- DATA -
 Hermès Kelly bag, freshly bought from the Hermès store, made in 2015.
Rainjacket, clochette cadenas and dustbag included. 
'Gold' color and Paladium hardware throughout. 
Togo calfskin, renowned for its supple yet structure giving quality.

* * *

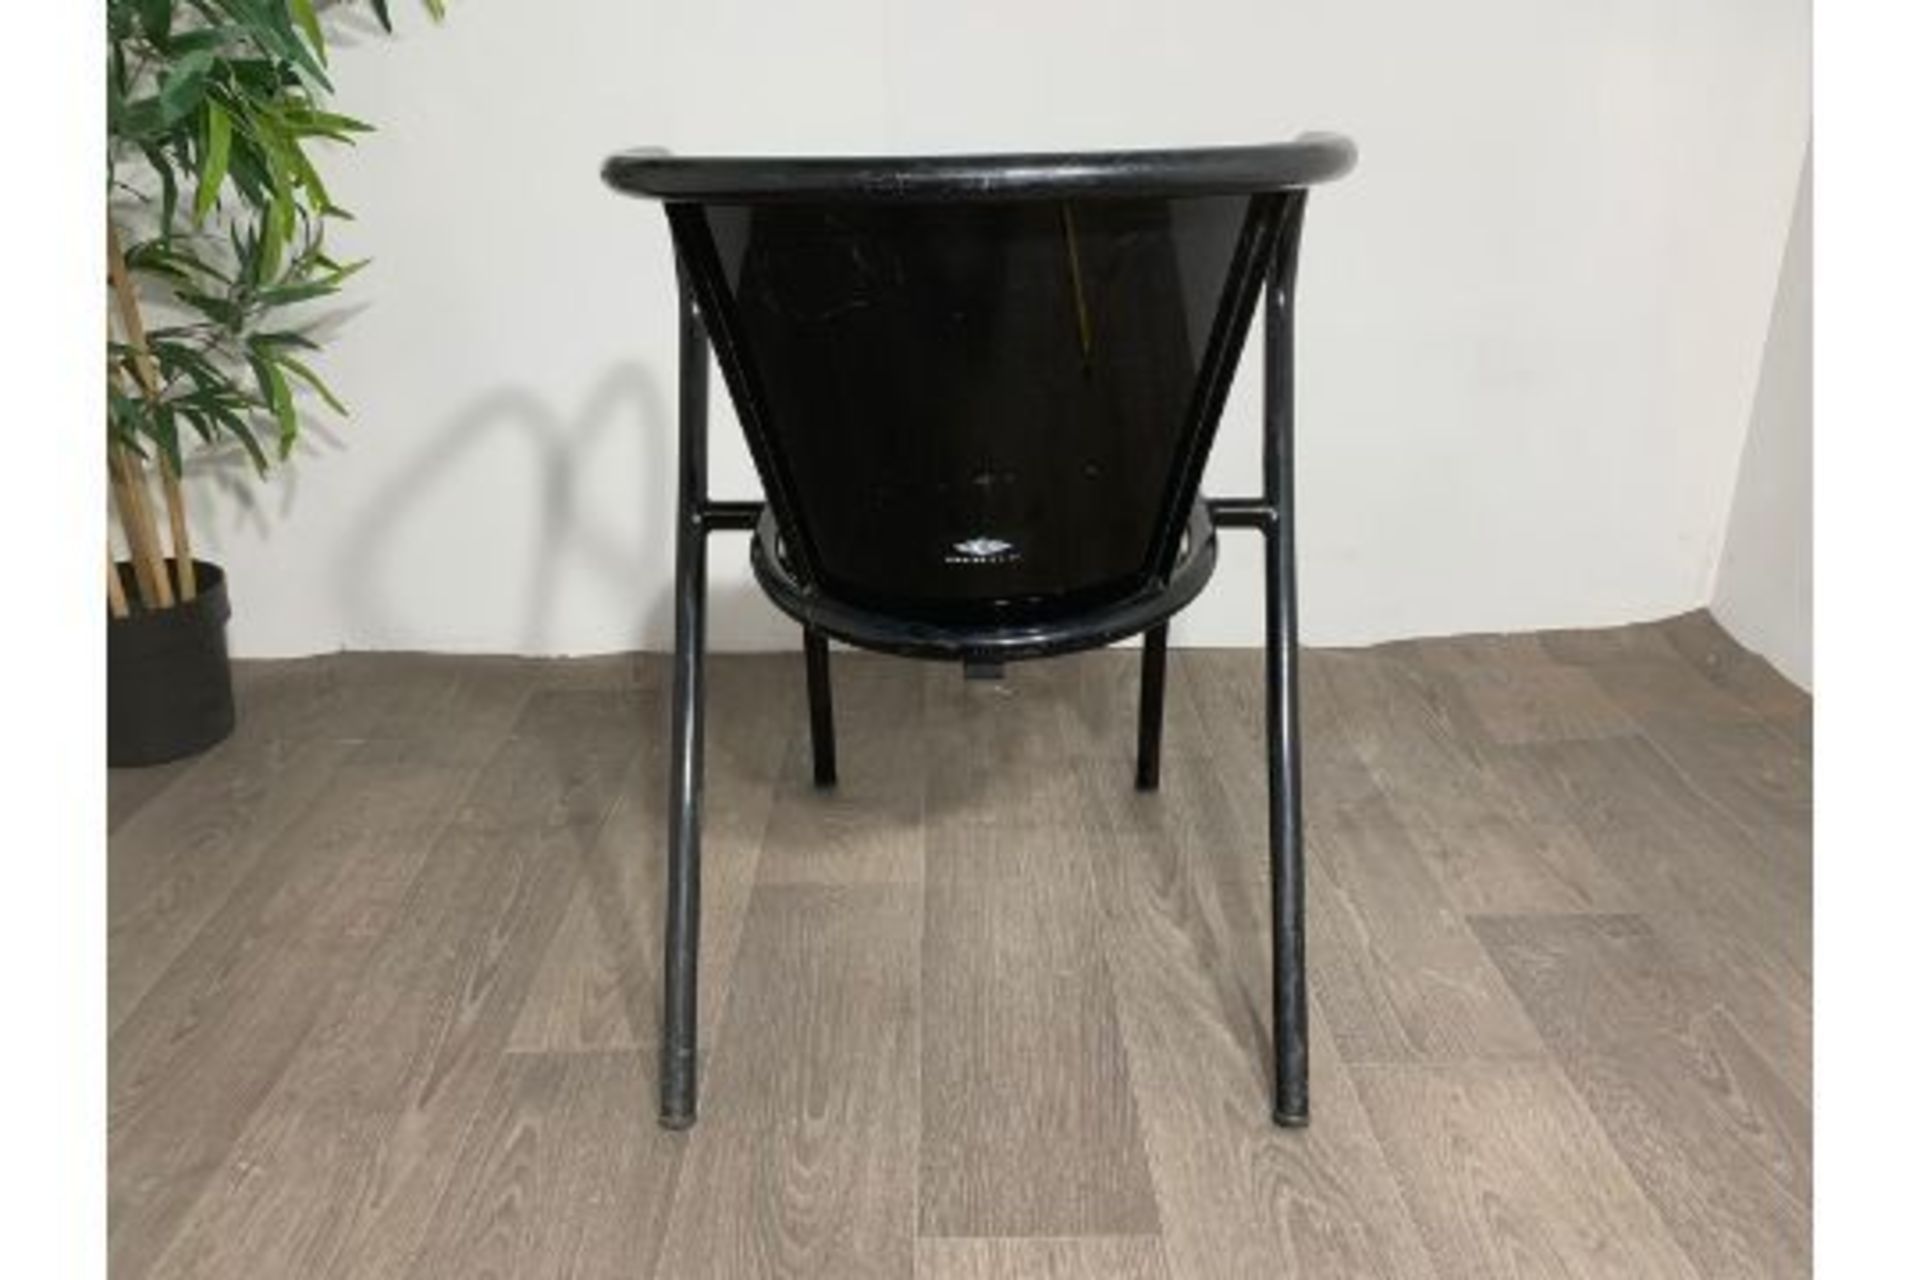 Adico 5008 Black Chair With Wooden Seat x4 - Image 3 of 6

- TASK REQUIREMENTS -
Send back an exact copy of only the lines from the line with "Paladium hardware throughout." up to and including the line with "Togo calfskin, renowned" in the data above.

- YOUR RESPONSE -
'Gold' color and Paladium hardware throughout. 
Togo calfskin, renowned for its supple yet structure giving quality.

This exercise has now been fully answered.